5) Высокая рекомбиногенность мутантного белка RecA D112R обеспечивается повышенной скоростью инициирования синаптазной реакции.
Научная новизна и практическая ценность работы. Выявлено влияние точечных аминокислотных замен в области мономер-мономерного взаимодействия белка RecA на его рекомбинационные свойства. Исследованы пути нормализации рекомбинационной активности белка RecA D112R в клетках Е. coli. Впервые охарактеризованы биохимические свойства белка RecA D112R, как наиболее рекомбиногенного из всех белков RecA, изученных к настоящему времени. Обнаружена повышенная активность белка RecA D112R в процессе вытеснения белков SSB и F'SSB с онДНК, а также в реакции расплетания вторичных структур на онДНК. Обнаружена устойчивость онДНК -зависимой АТФазной активности белка RecA D112R к действию таких негативных регуляторов рекомбинации, как белки PsiB и RecX. Предложена усовершенствованная модель регуляции филамента RecA белком RecX, в рамках которой элонгация филамента RecA вдоль онДНК блокируется белком RecX на участке онДНК, расположенном за пределами филамента. Обнаружен новый путь повышения рекомбиногенности белка RecA за счет увеличения его синаптазной активности.
Теоретическое и практическое значение работы. Проведенное исследование относится к числу фундаментальных, оно расширяет наши представления о молекулярном механизме гомологической рекомбинации. Вместе с тем, подобные исследования имеют и прикладное значение: белок RecA D112R может быть использован в роли гомологичной рекомбиназы, введение которой в клетки млекопитающих может существенно активировать рекомбинацию в клетках высших и обеспечить замену участка гена при мишенной рекомбинации.
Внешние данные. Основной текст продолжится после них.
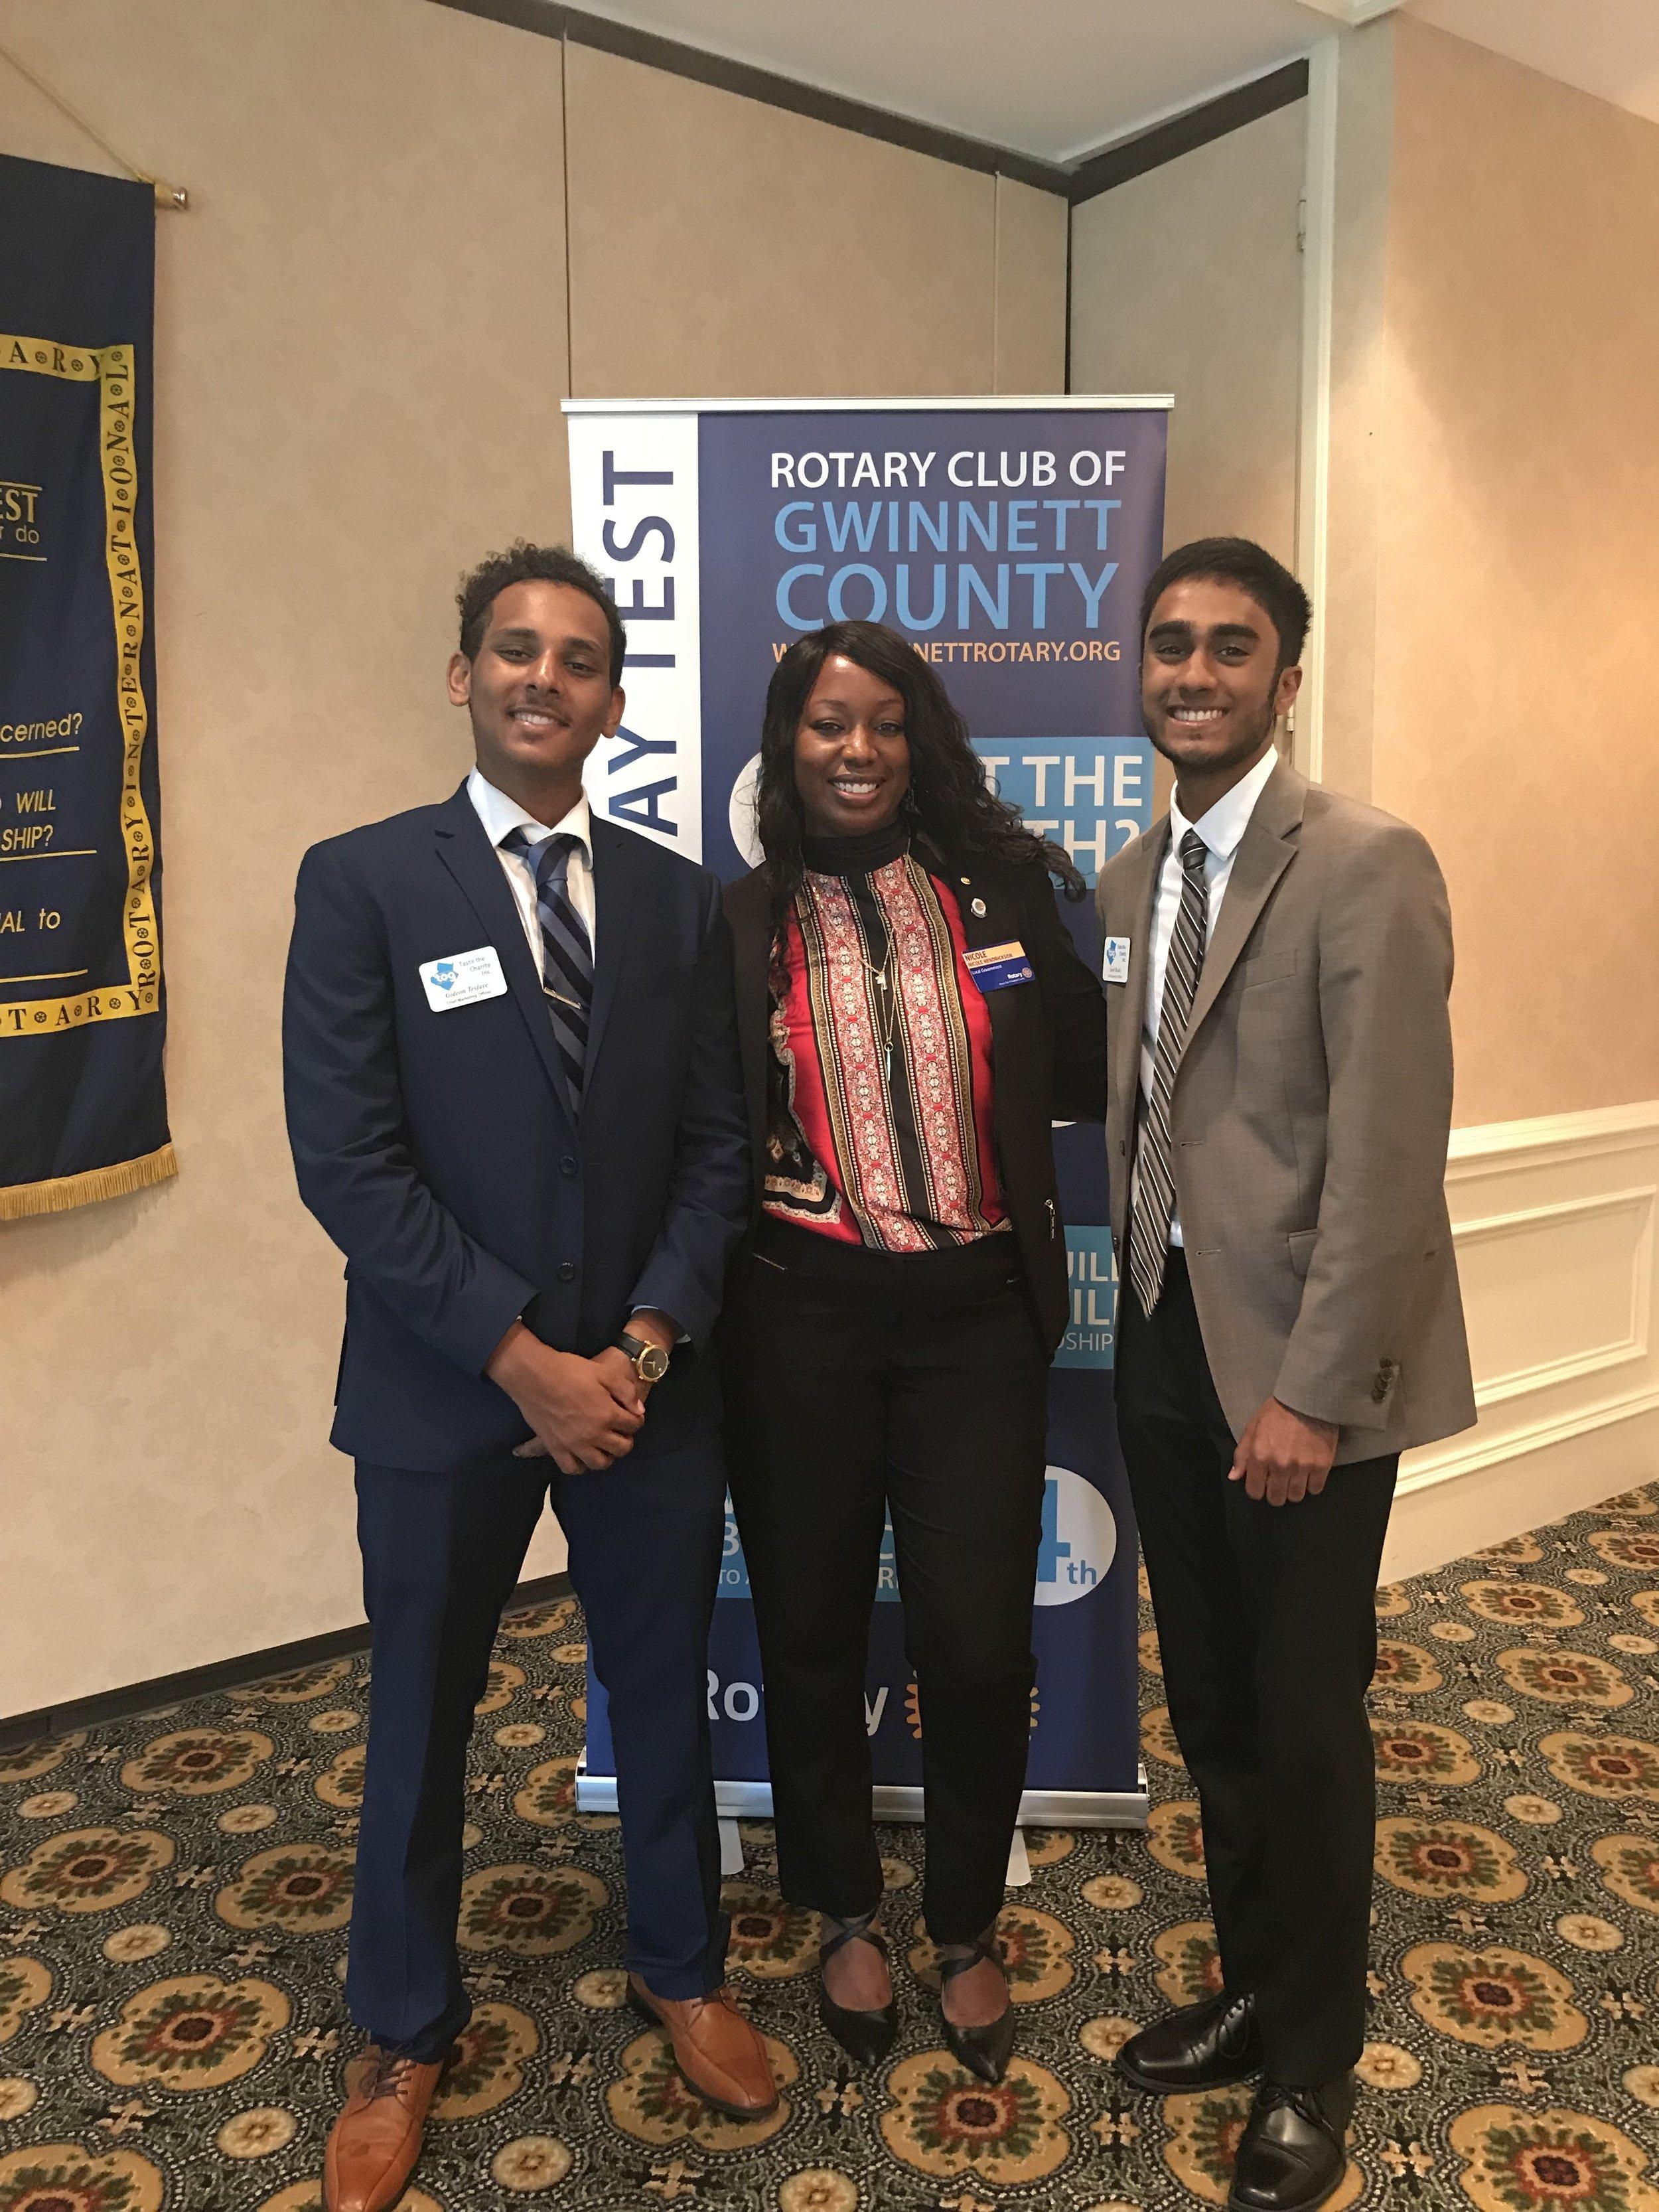 Attending the Gwinnett Rotary with Nicole Hendrickson (Gwinnett County's Community Outreach Director)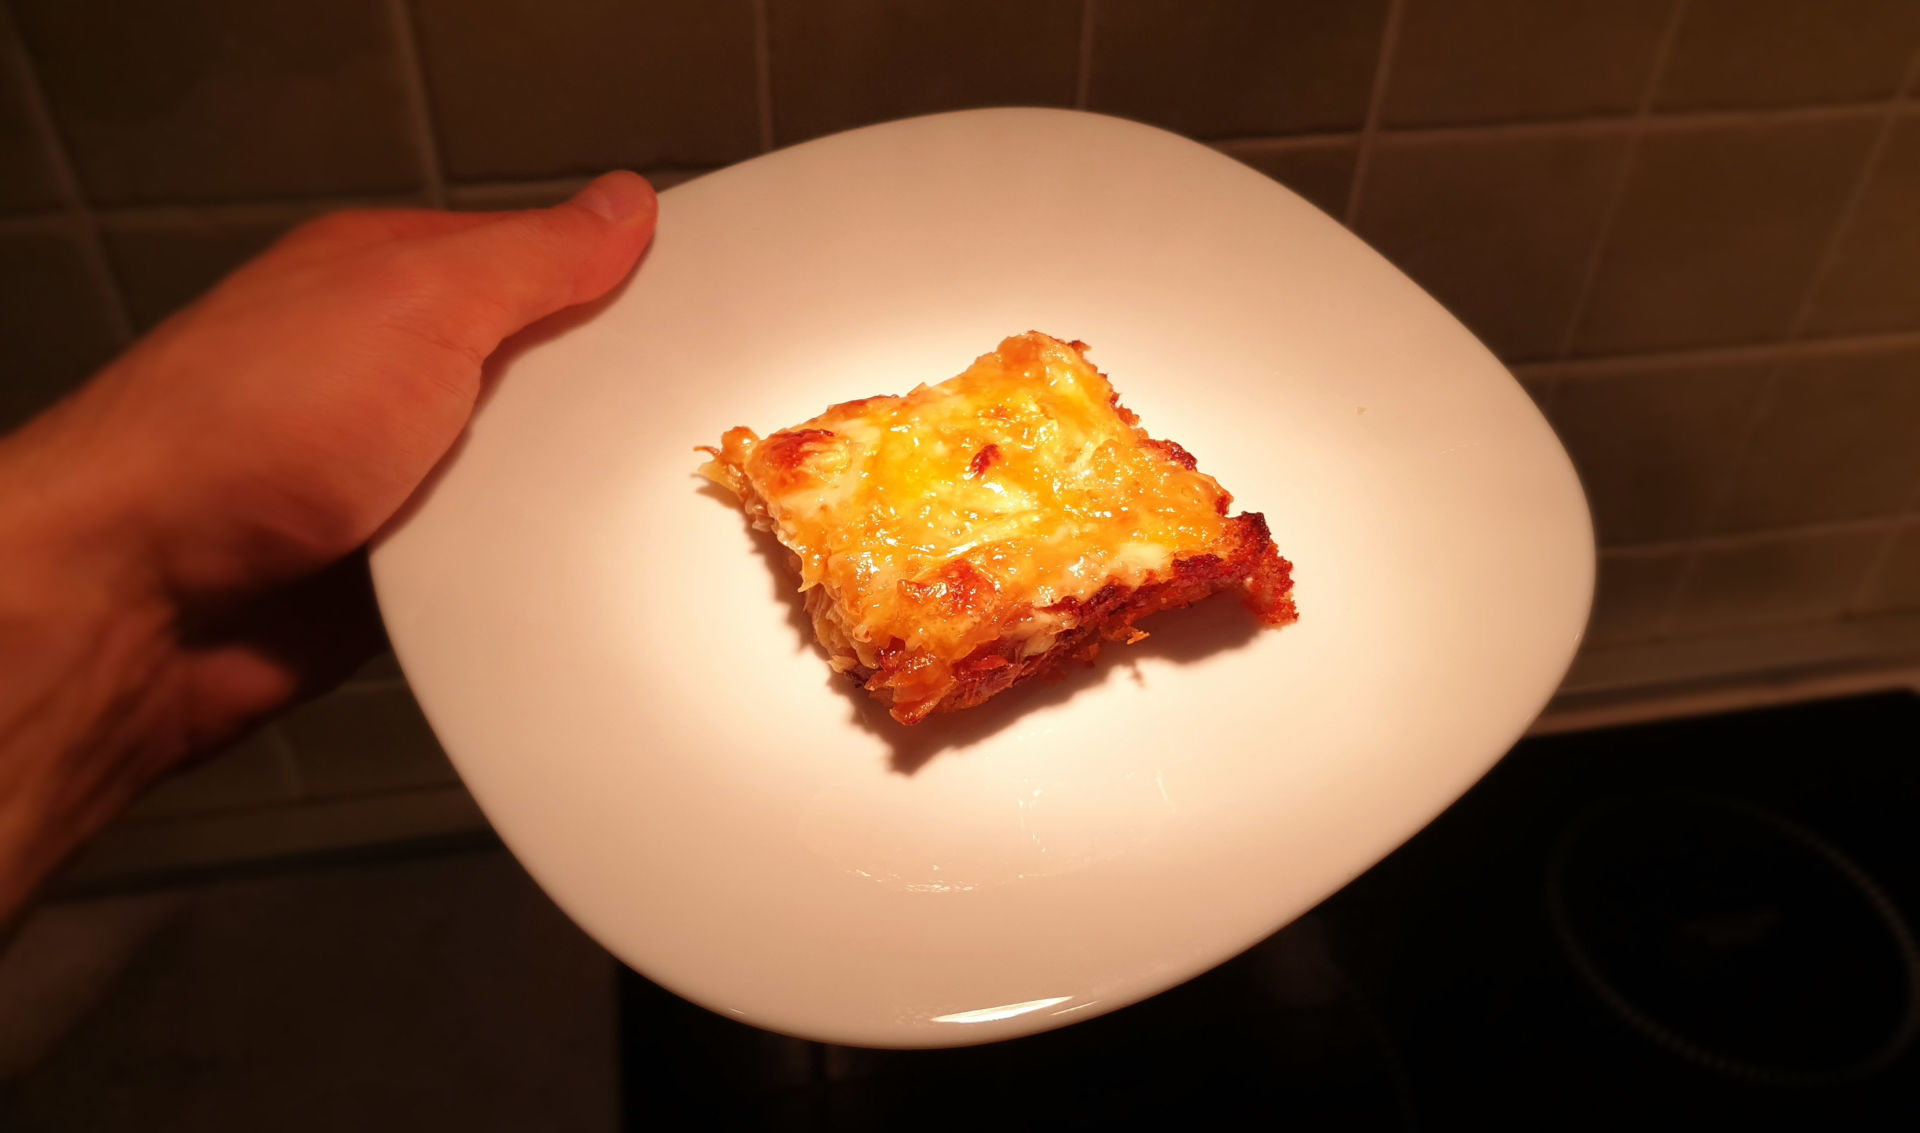 Vegan casserole with mushrooms and beans | vegansurvive

Белок RecA из Е. coli использовался в биотехнологии, однако широкое применение нашли только несколько технологий, использующих RecA, в то время как многочисленные попытки использования RecA в области генетической инженерии имели ограниченный успех. Рекомбинационная активность RecA в клетках Е. coli дикого типа может зависеть от функций множества регуляторных белков, присутствие которых, по-видимому, не слишком легко обеспечить в экспериментах, направленных на модификацию генома эукариот. Использование в биотехнологии мутантных белков RecA с точечными заменами, усиливающими одну или более функций RecA, может привести к продуктивному использованию рекомбинационного потенциала этого белка.
Апробация работы. Материалы диссертации докладывались на XI, XII и XIV Международных школах-конференциях молодых ученых "Биология - наука XXI века" (Пущино, 2007, 2008 и 2010 гг.), на семинарах политехнического симпозиума «Молодые ученые -промышленности Северо-Западного региона» (Санкт-Петербург, 2005, 2006 и 2010 гг.), на II
научной конференции «Молекулярная генетика, биофизика и медицина» (Бреслеровские чтения-
II) (Санкт-Петербург, 2006), на Всероссийском форуме студентов, аспирантов и молодых ученых «Наука и инновации в технических университетах» (Санкт-Петербург, 2008) и «Russian-Swiss Workshop on Regulation of genome stability by DNA replication and repair» (Санкт-Петербург, 2010).
Структура и объем работы. Диссертационная работа изложена на 118 страницах машинописного текста и состоит из введения, обзора литературы, описания материалов и методов исследования, экспериментальных результатов и их обсуждения, выводов, заключения и списка литературы, содержащего 228 источников. Иллюстративный материал содержит 28 рисунков и 6 таблиц.